2008 - Ayoub è stato accolto a Genova due volte nel corso dell'anno, mentre Maryam è rimasta a Rabat per il completamento degli studi sebbene le siano stati forniti i farmaci a domicilio affinché potesse continuare a curarsi. Nel corso dell'anno si è incentivata la collaborazione con il progetto rotariano al punto che l'Associazione è stata insignita del Paul Harris Yellow, un giusto riconoscimento per il molto lavoro fatto. Ma la richiesta di aiuto da parte dei piccoli marocchini è rimasta incessante ragion per cui si è discusso molto all'interno dell'associazione sull'opportunità di costruire una forma di assistenza più organizzata, ed autonoma, rispetto a quanto avveniva. Nel mese di luglio Ayoub è stato a Genova per il suo secondo viaggio dell'anno ma è ripartito solo in quanto la mamma Samira in attesa di un bambino si è trattenuta a Genova per il parto. In questo periodo ha, come sempre, alloggiato alla Croce Rossa ed è stata assistita in tutto e per tutto dalla nostra associazione. Durante il soggiorno si è molto ragionato sulla necessità di aumentare il progetto assistenziale a favore dei bambini di Rabat e ci si è ripromessi, con Samira, di verificare la fattibilità di un progetto più impegnativo e di parlarne al successivo viaggio in Marocco. Nel mese di settembre è nato il bambino, sano, di Samira ed all'inizio di ottobre è stata riaccompagnata a casa.
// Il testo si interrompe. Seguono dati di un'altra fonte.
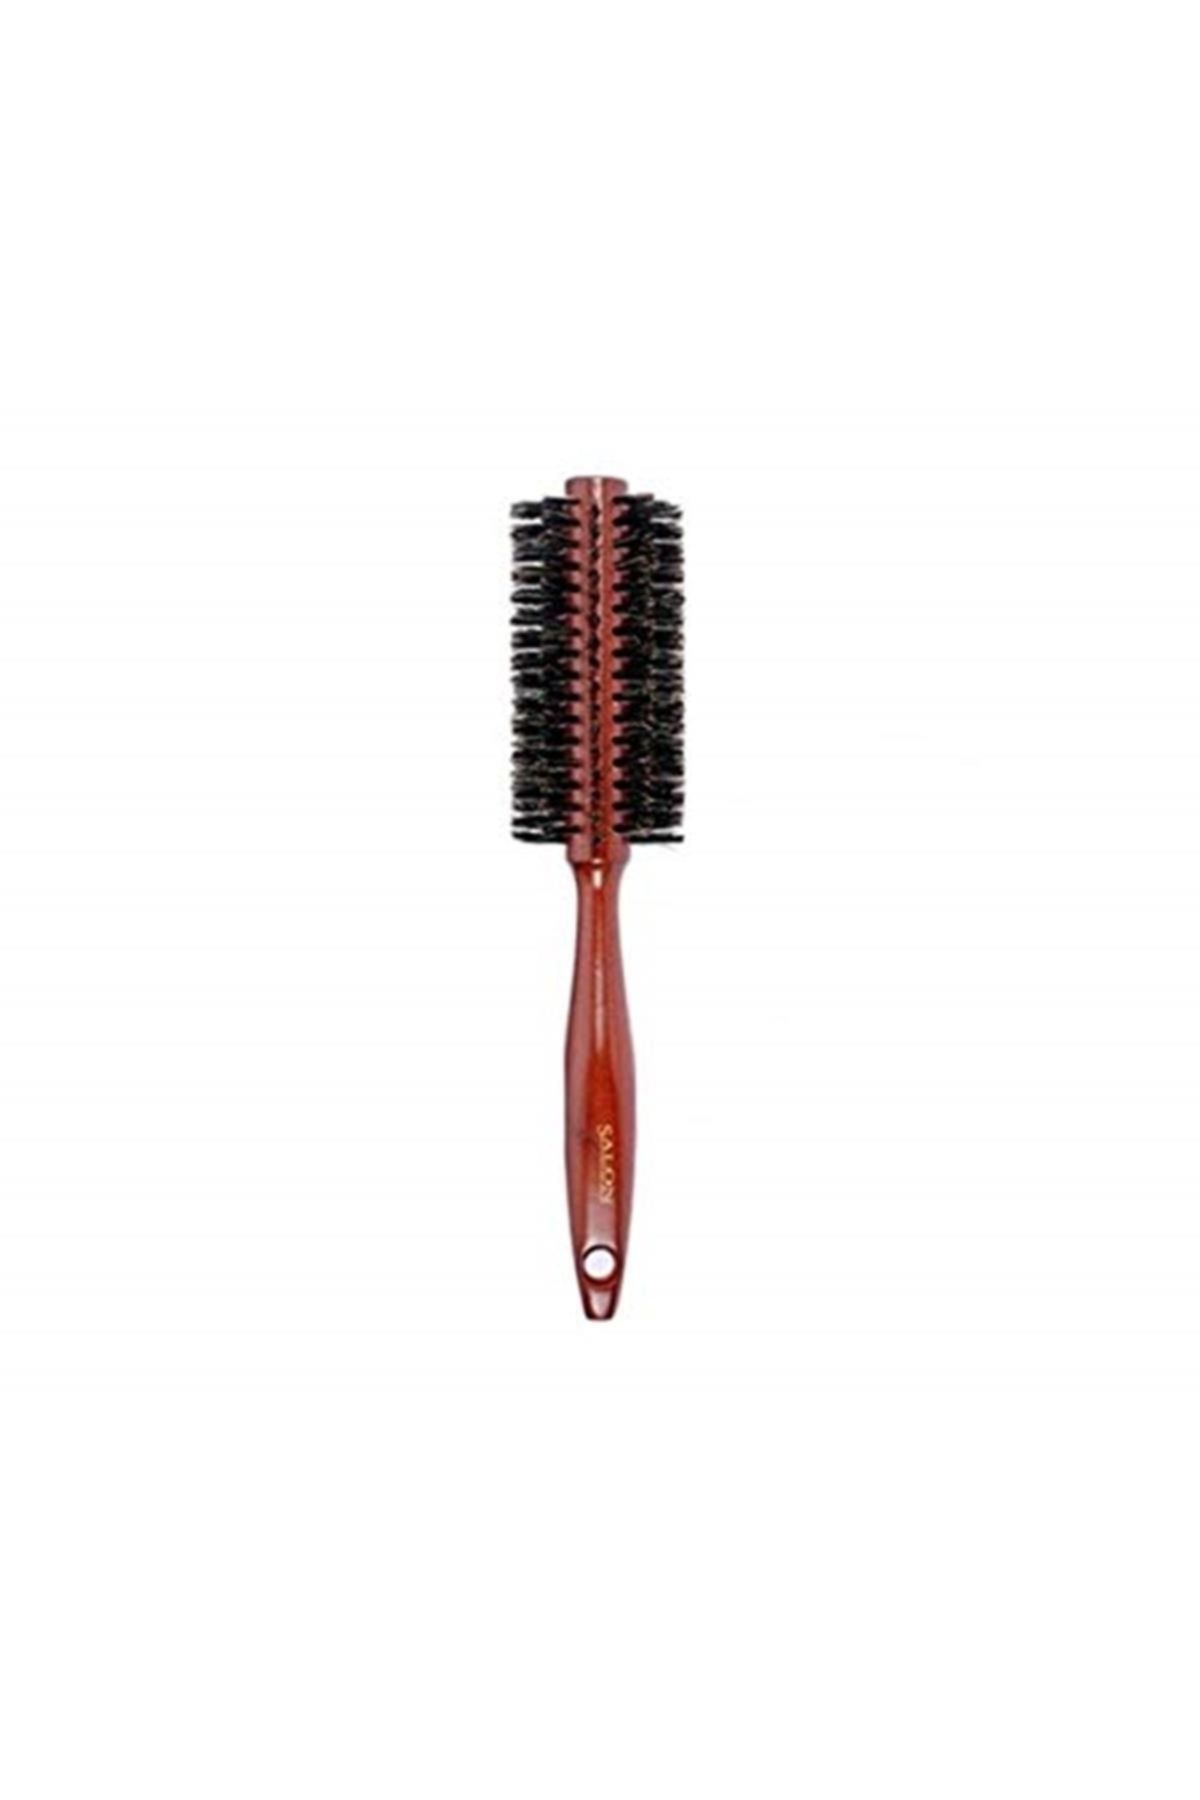 Tarko Marka: Salon Profesyonel Ahşap Saplı Yuvarlak Saç Fırçası 2278 Kategori: Saç Fırçası Ve Tara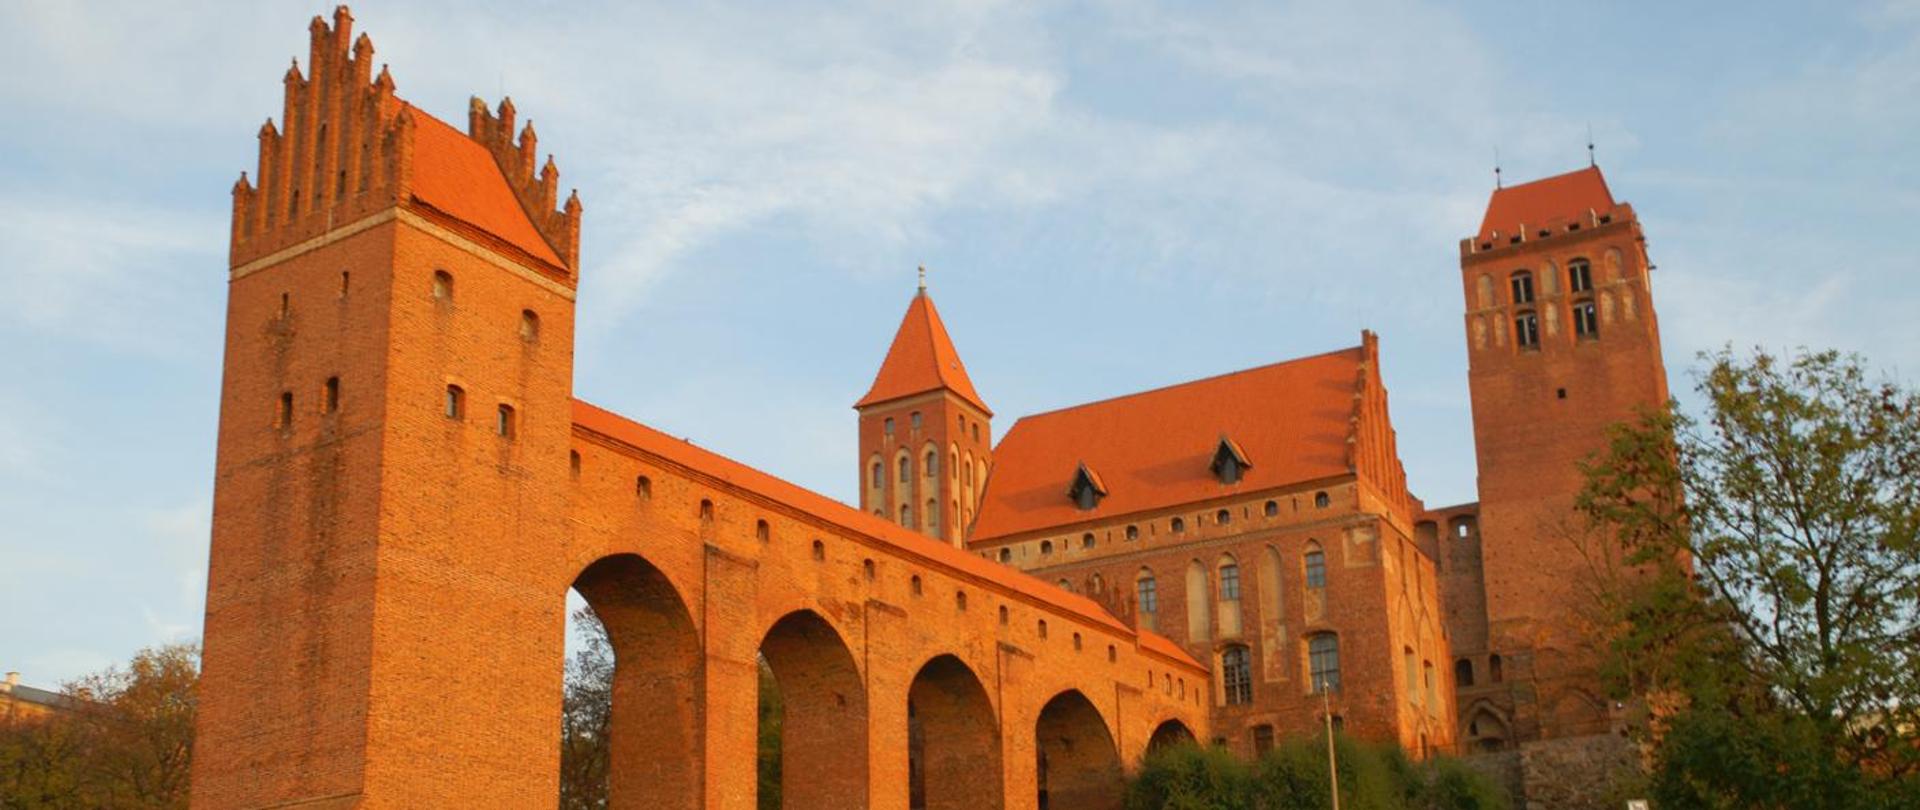 Zamek w Kwidzynie - Oddział Muzeum Zamkowego w Malborku

2009 - Nel mese di febbraio una corposa delegazione dell'associazione si è recata a Rabat, per la prima volta staccata dal progetto Rotary. Il duplice scopo era quello di trasmettere la consapevolezza della difficile condizione in cui si trovano i bambini di Rabat ai membri dell'associazione per ottenere la condivisione dei problemi ed una partecipazione più sentita e d anche far sentire la vicinanza dell'associazione ai piccoli malati ed alle famiglie. L'obiettivo è stato pienamente raggiunto in quanto si è deciso di dar vita ad un progetto autonomo di assistenza, pur garantendo supporto a quello rotariano, in cui scopo è quello di accogliere a Genova per periodi di tempo brevi, dieci giorni, un numero crescente di pazienti in modo tale da inquadrarne la situazione clinica e rimandarli a Rabat con una serie di prescrizioni precise sulle terapie da eseguire. L'associazione si è quindi attivata per cercare partner per sostenere il progetto ed anche la disponibilità istituzionale per la costruzione di una struttura di accoglienza. Nel mese di aprile Ayoub è nuovamente tornato a Genova dove si è potuto constatare come e quanto la sua vita sia cambiata da quella prima volta nel 2004. Adesso ha 17 anni, cresce, ha ripreso a studiare con profitto, gioca con i suoi coetanei e si occupa dei suoi fratelli. Ha certamente ancora bisogno di tanto aiuto come del resto i suoi amici dell'ospedale di Rabat, che devono si imparare a curarsi a casa loro ma che hanno ritrovato il sorriso e la speranza proprio grazie alla consapevolezza che non sono più abbandonato perché qualcuno si occupa di loro. In quest'ultimo anno si è attivata una forma di collaborazione con altra associazione che si occupa di qualche paziente algerino e non si può escludere che in futuro si estenda il progetto anche accogliendo qualche paziente di quel paese.